Closed liamjoy closed 4 years ago
In plain english, what is this model chain supposed to do? What is the function of LightGBMClassifier
, what is the function of IsotonicRegression
?
Are you trying to "smooth" the prediction of the classifier?
I have looked into using StackedClassifier/Regressor but because LGBM is a classifier and Isotonic is a regressor, it does not allow it.
I assume you're referring to Scikit-Learn's stacking estimator classes, and that it is Scikit-Learn that prevents you from building such a model chain (not the SkLearn2PMML/JPMML-SkLearn stack).
I am also unable to use two models in a single pipeline as only one estimator is allowed
Possible workaround - the first estimator should be packaged as a transformer: https://github.com/jpmml/sklearn2pmml/issues/118
LGBMClassifier takes in around 100 features to predict a binary target class. The isotonic regression is used to calibrate the model predictions to match a different distribution. The output should be a probability of the target being 1, after prediction calibration.
Thank you, I will look into packaging the LGBMClassifier as a transformer.
The isotonic regression is used to calibrate the model predictions to match a different distribution.
This looks like a "decision engineering" problem - taking the prediction of a model, and then doing something extra with it.

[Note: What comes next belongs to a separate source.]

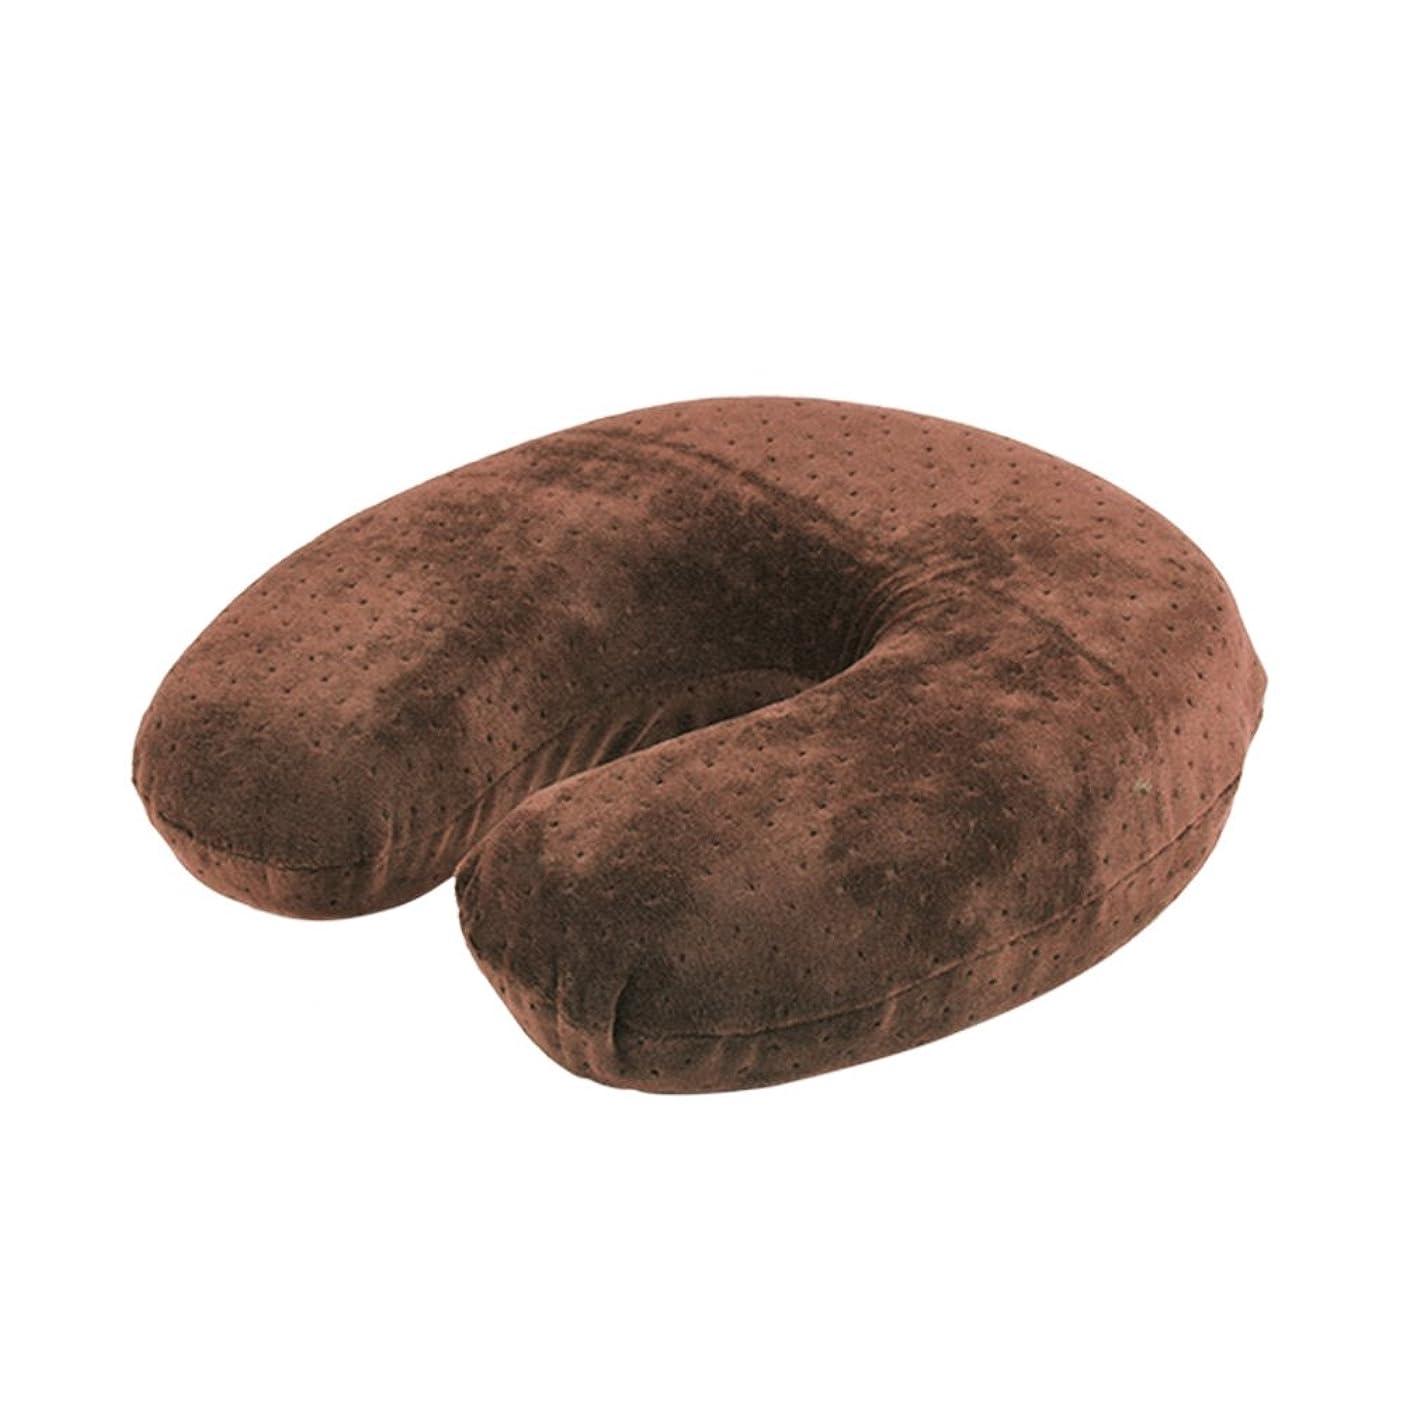 整理する活気づける薬局U字型枕、ビロードの反発の記憶泡の首の頭部の頚部枕残り旅行クッション(Brown)

In such a case LGBMClassifier
is still the primary/final estimator of the pipeline, and the challenge is about applying IsotonicRegression
to its predicted probability.
Decision engineering is not supported by Scikit-Learn pipelines. However, the sklearn2pmml.pipeline.PMMLPipeline
class lets you specify three attributes predict_transformer
, predict_proba_transformer
and apply_transformer
to accomplish it: https://github.com/jpmml/sklearn2pmml/blob/0.61.0/sklearn2pmml/pipeline/__init__.py#L47-L51
Suppose you want to manually correct the predicted probability of a binary classifier:
pipeline = PMMLPipeline(.., predict_proba_transformer = ExpressionTransformer("X[1] * 0.95 + 0.1"))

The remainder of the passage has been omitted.